The mend.  A correction of the fly line as it is impacted by different currents in the stream.  I am not the greatest at this, yet it is vital to obtaining the perfect drift…and the reason for my blog name.  Underneath the surface of any given trout stream is a flurry of activity.  Trout and other aquatic creatures move and dance with a current that is constant yet ever changing.

The need for the mend in your drift is to keep the fly line from presenting the fly in a way that does not look natural.  For success in most cases, the drift is the single most important and often overlooked portion of a cast.  Get it right and success is at hand, botch it and your fly either skitters across the surface like a water skier or jumps over every fish in the stream.

Each stream in any particular area has multiple hydrological issues that the fly line is moved, bellied, bowed, or in some cases, sank completely.  It is the Zen of the angler to detect these things and move in accordance to what the water dictates.  This is a part of our craft that never changes.  We are always in hot pursuit of the perfect drift.

Life is much like this.  As our life moves downstream, we are often impacted by currents that are not under our control.  Frustration comes easily when we do not read the current of our days leading to an unsuccessful attempt or missing the mark.  Often we dream of victory that seems to be right under the surface, but we go dancing unnaturally across the surface leaving these amazing life events behind.

I am often very opinionated, most likely a habitual offender of faithless living, and assuredly a man who allows his pride to block obvious blessing.  All of these occur because I have lost the drift.  I have not allowed myself to relax, see the flow, and make adjustments as needed.  But thankfully I now recognize the correlation and have reached the point where the light bulb is flickering.

John Buchan is quoted as saying, “The charm of fishing is that it is the pursuit of what is elusive but attainable, a perpetual series of occasions for hope.”  Much like the rest of our lives isn’t it?  The big hurdle comes when we are faced with actually making life application out of our sport.

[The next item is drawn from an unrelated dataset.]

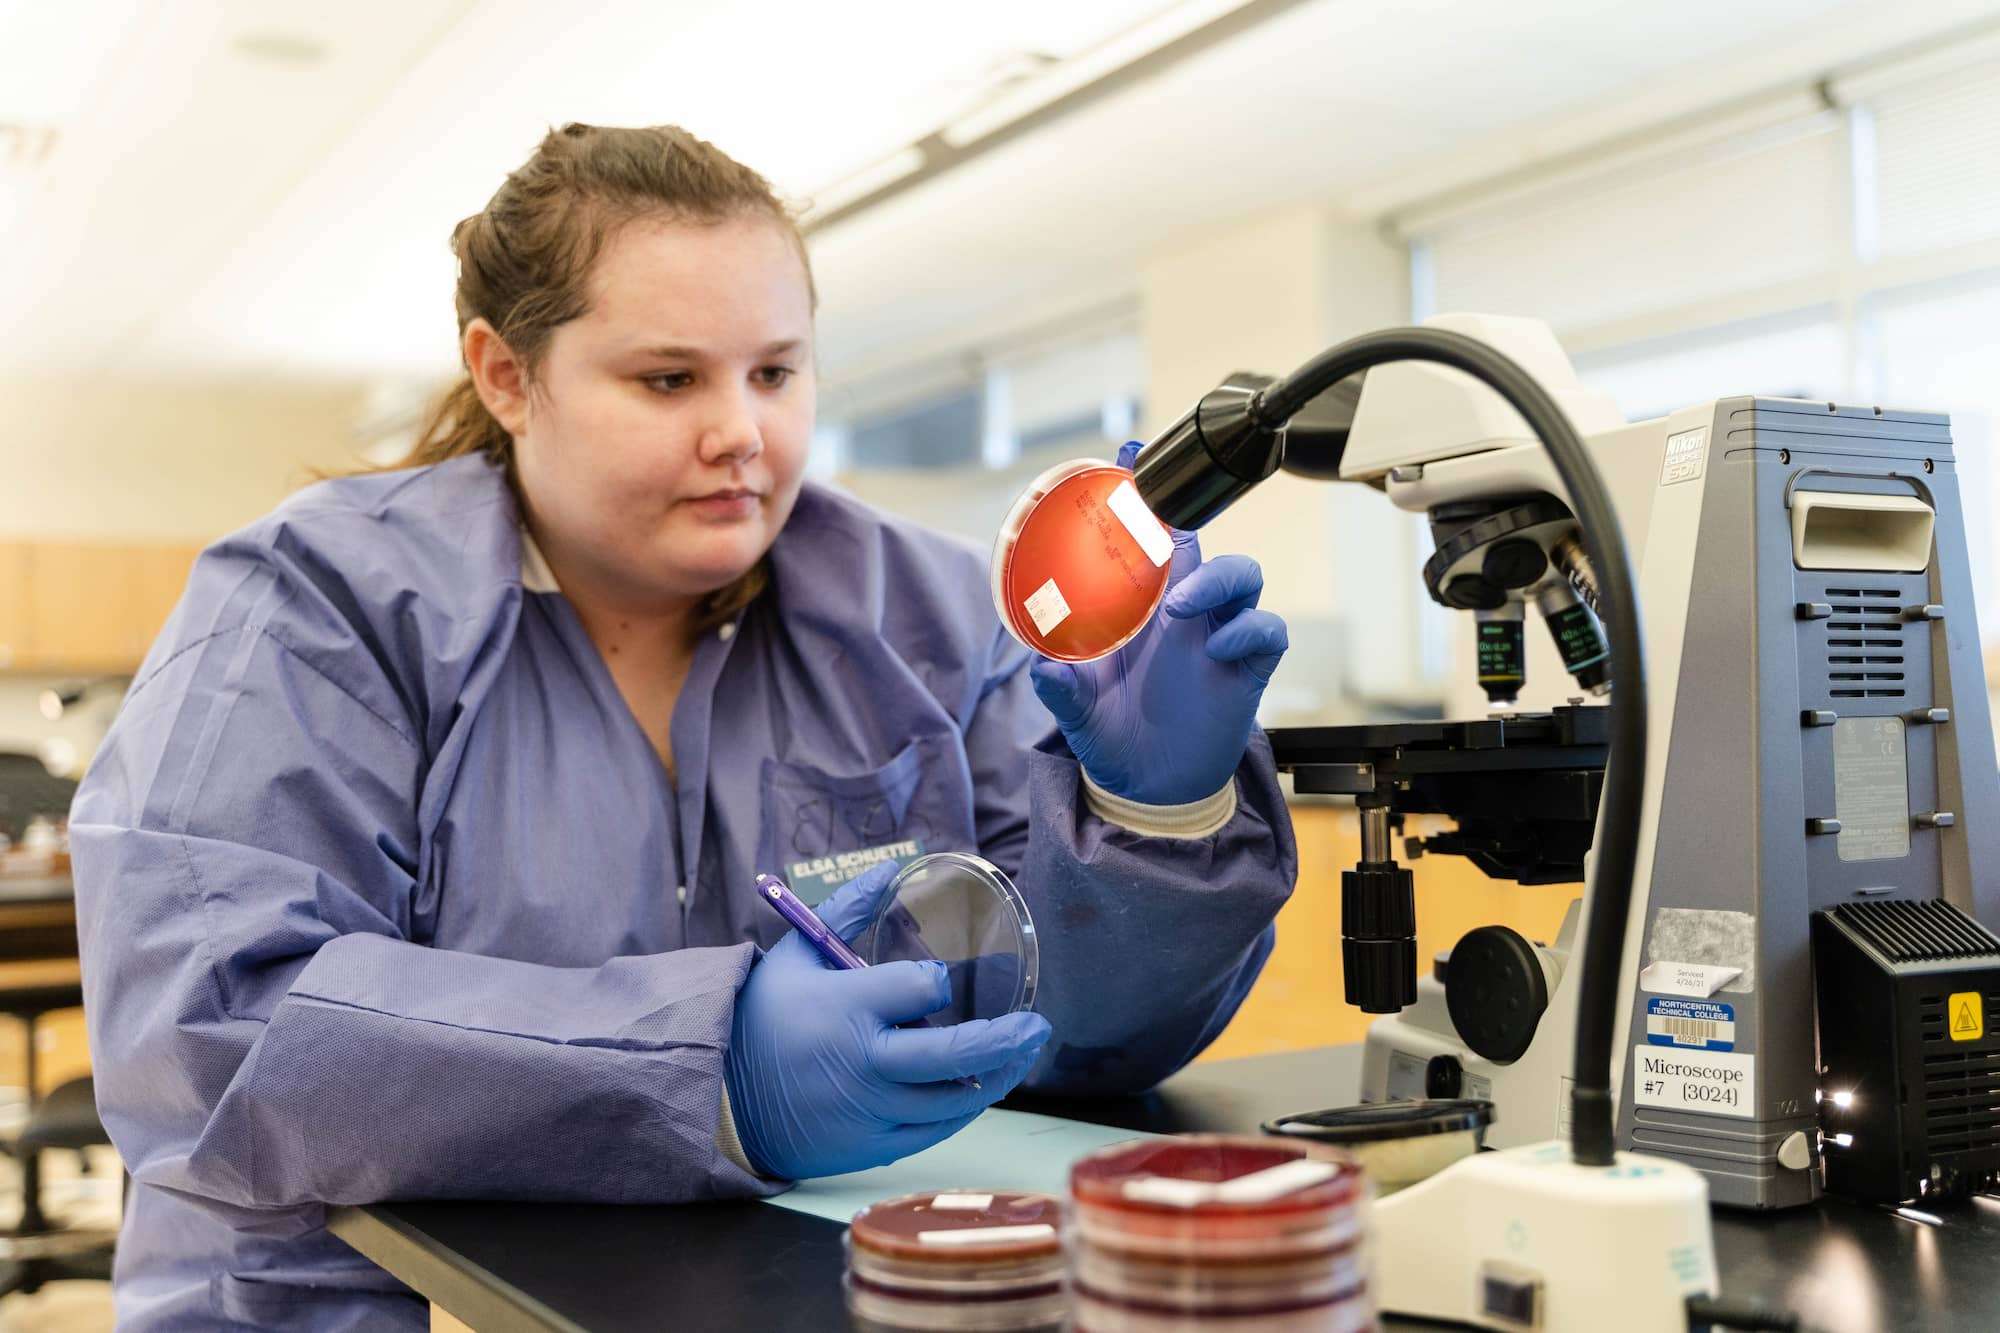 While examining microbiology samples, a student takes notes on her findings.

You may not agree…and I am fine with that, but I firmly believe that every area of our lives is intertwined to the point that one part will teach us something about another.  That there actually are life lessons that can be learned in everything from a person we work with, watching a football game, or standing in a river waving a stick.  It is all about how we choose to perceive small snippets of our lives.

So, in light of what I know to be my own shortcomings, and the desire to reach that unattainable thing we call perfection, I will try to learn from the river; that babbling cacophony of change and potential.  I will seek to apply elsewhere that which I have gleaned from time spent watching a floating line being moved by a current that was moving before I was born, and which will be moving long after I have gone.  Maybe, just maybe, I will have learned enough to get a few other things right.  I can’t ask for much more than that.